The Walking Speed Questionnaire: Assessing Walking Speed in a Self-reported Format.

作者信息

Cong Guang-Ting, Cohn Matthew R, Villa Jordan C, Kerwin Lewis J, Rosen Natalie, Fang Xiu Zhen, Christos Paul J, Evrony Ayelet, Chen Jin, Torres Ashley, Lane Joseph M

机构信息

*Weill Cornell Medical College, New York, NY; †Department of Orthopaedic Surgery, Hospital for Special Surgery, New York, NY; ‡State University of New York, Downstate Medical Center, Brooklyn, NY; and §Department of Biomedical Engineering, Cornell University, Ithaca, NY.

出版信息

J Orthop Trauma. 2016 Apr;30(4):e132-7. doi: 10.1097/BOT.0000000000000476.

Abstract

OBJECTIVES

The literature increasingly demonstrates the importance of gait speed (GS) in the frailty assessment of patients aged 60 years and older. Conventional GS measurement, however, maybe contraindicated in settings such as trauma where the patient is temporarily immobilized.

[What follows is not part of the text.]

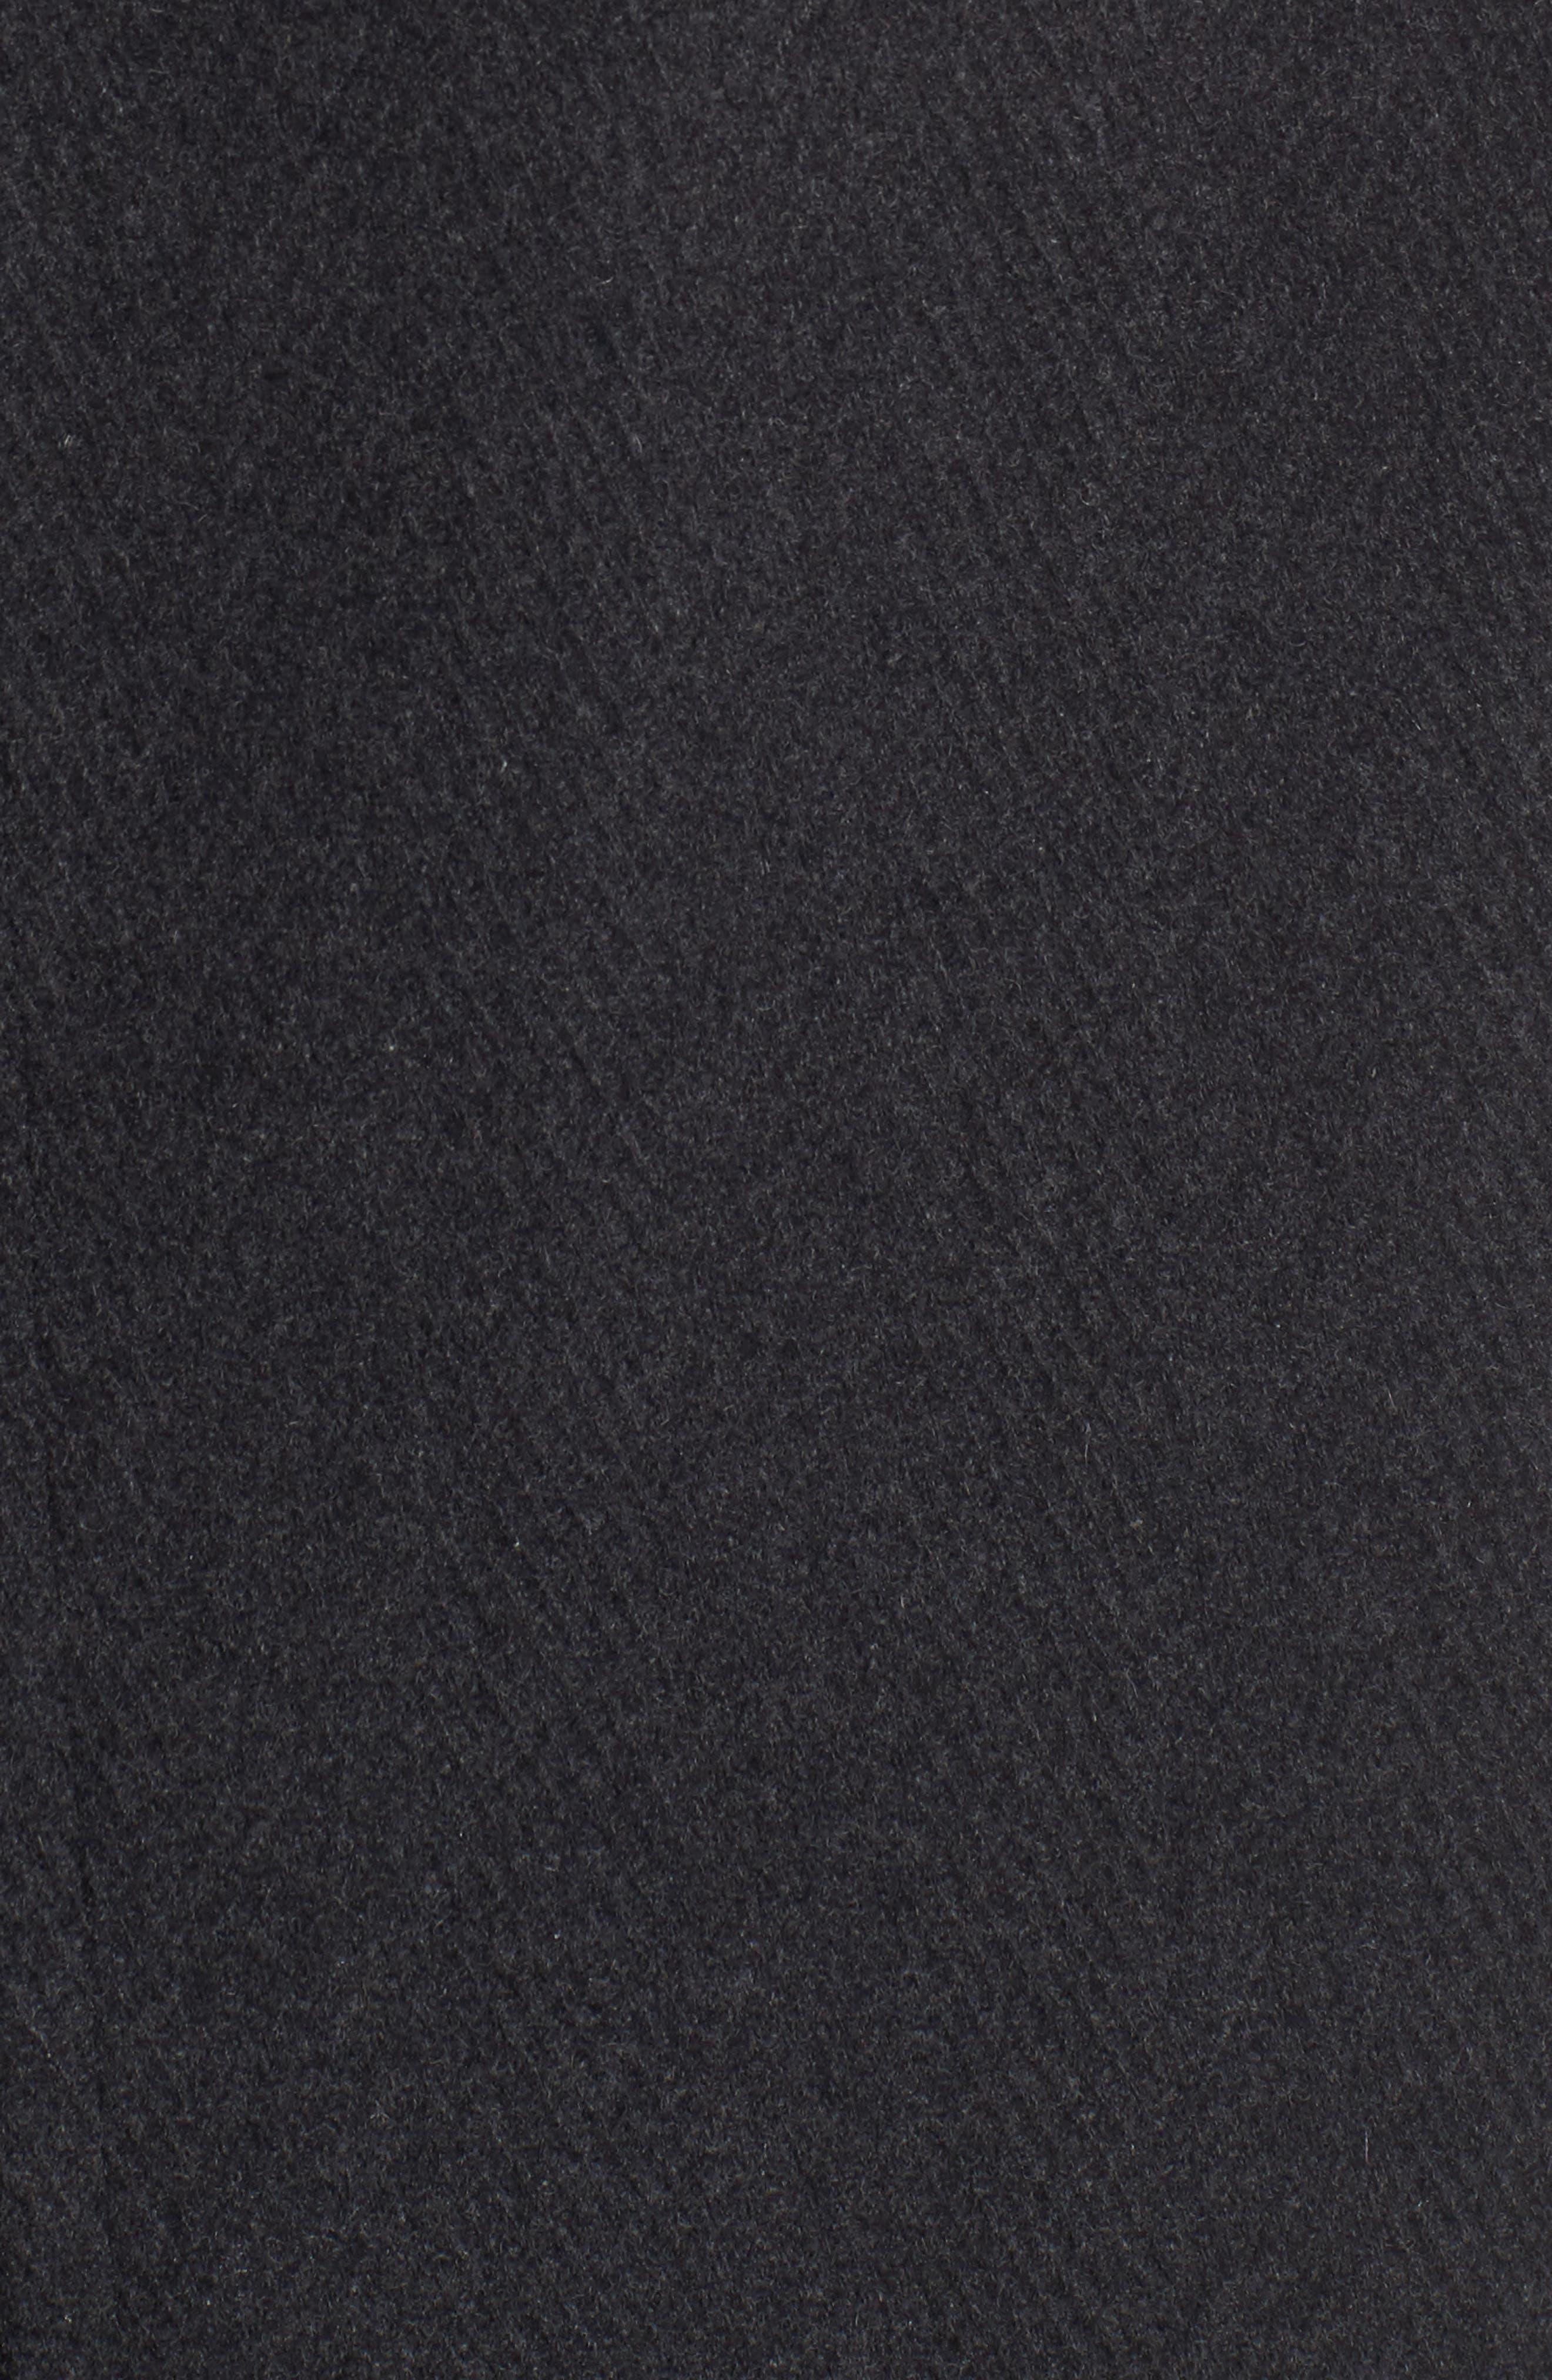 Herringbone Wool Blend Car Coat,                             Alternate thumbnail 9, color,

We devised a Walking Speed Questionnaire (WSQ) to allow assessment of preinjury baseline GS, in meters per second, in a self-reported manner, to overcome the inability to directly test the patients' walking speed.

DESIGN

Four questions comprise the WSQ, and were derived using previously published questionnaires and expert opinion of 6 physician-researchers.

SETTING

Four ambulatory clinics.

PARTICIPANTS

Ambulating individuals aged 60-95 (mean age, 73.2 ± 8.1 years, 86.1% female, n = 101).

INTERVENTION

Participants completed the WSQ and underwent GS measurement for comparison.

ANALYSIS

WSQ score correlation to true GS, receiver operating characteristics, and validation statistics were performed.

RESULTS

All 4 questions of the WSQ independently predicted true GS significantly (P < 0.001). The WSQ sufficiently predicted true GS with r = 0.696 and ρ = 0.717.

CONCLUSIONS

The WSQ is an effective tool for assessing baseline walking speed in patients aged 60 years and older in a self-reported manner. It permits gait screening in health care environments where conventional GS testing is contraindicated due to temporary immobilization and maybe used to provide baseline targets for goal-oriented post-trauma care. Given its ability to capture GS in patients who are unable to ambulate, it may open doors for frailty research in previously unattainable populations.

LEVEL OF EVIDENCE

Diagnostic Level II. See Instructions for Authors for a complete description of levels of evidence.

摘要

目的

文献越来越多地证明了步速(GS)在60岁及以上患者衰弱评估中的重要性。然而,在诸如创伤等患者暂时固定的情况下,传统的GS测量可能是禁忌的。我们设计了一份步行速度问卷(WSQ),以便以自我报告的方式评估受伤前的基线GS(以米/秒为单位),以克服无法直接测试患者步行速度的问题。

设计

WSQ由四个问题组成,这些问题是根据先前发表的问卷和6位医师研究人员的专家意见得出的。

设置

四个门诊诊所。

参与者

年龄在60 - 95岁之间的能行走个体(平均年龄73.2 ± 8.1岁,女性占86.1%,n = 101)。

干预

参与者完成WSQ并接受GS测量以进行比较。

分析

进行了WSQ得分与真实GS的相关性、受试者工作特征和验证统计分析。

结果

WSQ的所有四个问题均能显著独立预测真实GS(P < 0.001)。WSQ对真实GS的预测效果良好,r = 0.696,ρ = 0.717。

结论

WSQ是以自我报告方式评估60岁及以上患者基线步行速度的有效工具。它允许在因暂时固定而禁忌进行传统GS测试的医疗环境中进行步态筛查,并且可用于为创伤后目标导向护理提供基线目标。鉴于其能够捕捉无法行走患者的GS,它可能为以前无法涉及的人群的衰弱研究打开大门。

证据水平

诊断性II级。有关证据水平的完整描述,请参阅作者指南。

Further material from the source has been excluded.